▸ Exercise aim
Find the line holding "Nike Lab X Rt Hip Bag In Black For Men Lyst" in the entries below. Give it again exactly, along with every line after it up to and including the line holding "Kiddy Birds Decorative Table Clock".

▸ Supplied records
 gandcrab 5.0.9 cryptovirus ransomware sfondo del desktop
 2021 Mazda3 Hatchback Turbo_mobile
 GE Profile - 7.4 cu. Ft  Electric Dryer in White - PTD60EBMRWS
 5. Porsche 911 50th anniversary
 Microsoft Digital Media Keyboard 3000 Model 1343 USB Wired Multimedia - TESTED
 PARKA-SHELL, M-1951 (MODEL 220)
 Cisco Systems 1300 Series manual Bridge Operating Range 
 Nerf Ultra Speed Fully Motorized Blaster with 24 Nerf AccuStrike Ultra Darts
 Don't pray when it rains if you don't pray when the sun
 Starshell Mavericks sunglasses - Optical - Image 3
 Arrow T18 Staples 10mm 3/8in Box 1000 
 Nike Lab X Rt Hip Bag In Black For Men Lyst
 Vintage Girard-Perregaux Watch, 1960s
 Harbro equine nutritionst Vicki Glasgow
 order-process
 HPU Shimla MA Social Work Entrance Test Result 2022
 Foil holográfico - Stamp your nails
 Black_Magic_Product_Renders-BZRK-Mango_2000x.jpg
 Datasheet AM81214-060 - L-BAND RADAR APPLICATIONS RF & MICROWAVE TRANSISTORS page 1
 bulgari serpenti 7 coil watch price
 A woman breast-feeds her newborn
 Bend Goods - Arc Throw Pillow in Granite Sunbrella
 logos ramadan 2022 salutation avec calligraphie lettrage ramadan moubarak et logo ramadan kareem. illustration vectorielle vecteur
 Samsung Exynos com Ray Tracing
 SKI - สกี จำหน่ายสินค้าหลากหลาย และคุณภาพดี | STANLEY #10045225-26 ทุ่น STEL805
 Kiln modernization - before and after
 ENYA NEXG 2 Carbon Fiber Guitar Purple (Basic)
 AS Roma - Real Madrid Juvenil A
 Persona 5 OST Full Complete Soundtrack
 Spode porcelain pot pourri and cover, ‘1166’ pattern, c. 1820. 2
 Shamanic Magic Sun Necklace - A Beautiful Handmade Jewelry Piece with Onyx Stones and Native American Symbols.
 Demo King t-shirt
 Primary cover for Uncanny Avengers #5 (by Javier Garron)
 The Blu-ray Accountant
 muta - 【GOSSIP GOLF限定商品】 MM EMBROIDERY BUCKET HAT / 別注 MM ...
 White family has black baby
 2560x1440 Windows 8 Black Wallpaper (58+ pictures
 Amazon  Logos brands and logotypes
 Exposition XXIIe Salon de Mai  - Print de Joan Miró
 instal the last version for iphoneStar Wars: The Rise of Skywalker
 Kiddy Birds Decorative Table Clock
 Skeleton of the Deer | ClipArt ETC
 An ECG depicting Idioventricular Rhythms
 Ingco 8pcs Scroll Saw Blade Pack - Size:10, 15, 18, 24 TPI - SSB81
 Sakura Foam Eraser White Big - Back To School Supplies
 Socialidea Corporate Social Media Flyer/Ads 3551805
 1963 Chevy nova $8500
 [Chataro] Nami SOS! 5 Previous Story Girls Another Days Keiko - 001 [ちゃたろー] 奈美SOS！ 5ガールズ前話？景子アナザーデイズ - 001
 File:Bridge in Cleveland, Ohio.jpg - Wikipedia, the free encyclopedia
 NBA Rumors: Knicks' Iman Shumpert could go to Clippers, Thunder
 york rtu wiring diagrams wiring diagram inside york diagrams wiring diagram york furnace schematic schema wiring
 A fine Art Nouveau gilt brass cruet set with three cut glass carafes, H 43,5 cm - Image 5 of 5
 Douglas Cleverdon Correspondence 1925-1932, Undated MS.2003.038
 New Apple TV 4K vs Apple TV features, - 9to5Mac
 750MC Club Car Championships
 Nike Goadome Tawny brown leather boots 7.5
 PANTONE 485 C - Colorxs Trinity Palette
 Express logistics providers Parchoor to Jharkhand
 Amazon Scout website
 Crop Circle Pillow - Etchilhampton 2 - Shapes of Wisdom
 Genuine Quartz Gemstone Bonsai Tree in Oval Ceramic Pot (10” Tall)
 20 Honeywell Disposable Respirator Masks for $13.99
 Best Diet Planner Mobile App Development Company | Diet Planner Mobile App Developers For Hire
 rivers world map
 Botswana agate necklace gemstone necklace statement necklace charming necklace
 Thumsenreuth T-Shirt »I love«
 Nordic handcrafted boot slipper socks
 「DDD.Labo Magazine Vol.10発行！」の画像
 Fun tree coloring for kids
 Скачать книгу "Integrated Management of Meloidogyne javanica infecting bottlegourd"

▸ Task result
 Nike Lab X Rt Hip Bag In Black For Men Lyst
 Vintage Girard-Perregaux Watch, 1960s
 Harbro equine nutritionst Vicki Glasgow
 order-process
 HPU Shimla MA Social Work Entrance Test Result 2022
 Foil holográfico - Stamp your nails
 Black_Magic_Product_Renders-BZRK-Mango_2000x.jpg
 Datasheet AM81214-060 - L-BAND RADAR APPLICATIONS RF & MICROWAVE TRANSISTORS page 1
 bulgari serpenti 7 coil watch price
 A woman breast-feeds her newborn
 Bend Goods - Arc Throw Pillow in Granite Sunbrella
 logos ramadan 2022 salutation avec calligraphie lettrage ramadan moubarak et logo ramadan kareem. illustration vectorielle vecteur
 Samsung Exynos com Ray Tracing
 SKI - สกี จำหน่ายสินค้าหลากหลาย และคุณภาพดี | STANLEY #10045225-26 ทุ่น STEL805
 Kiln modernization - before and after
 ENYA NEXG 2 Carbon Fiber Guitar Purple (Basic)
 AS Roma - Real Madrid Juvenil A
 Persona 5 OST Full Complete Soundtrack
 Spode porcelain pot pourri and cover, ‘1166’ pattern, c. 1820. 2
 Shamanic Magic Sun Necklace - A Beautiful Handmade Jewelry Piece with Onyx Stones and Native American Symbols.
 Demo King t-shirt
 Primary cover for Uncanny Avengers #5 (by Javier Garron)
 The Blu-ray Accountant
 muta - 【GOSSIP GOLF限定商品】 MM EMBROIDERY BUCKET HAT / 別注 MM ...
 White family has black baby
 2560x1440 Windows 8 Black Wallpaper (58+ pictures
 Amazon  Logos brands and logotypes
 Exposition XXIIe Salon de Mai  - Print de Joan Miró
 instal the last version for iphoneStar Wars: The Rise of Skywalker
 Kiddy Birds Decorative Table Clock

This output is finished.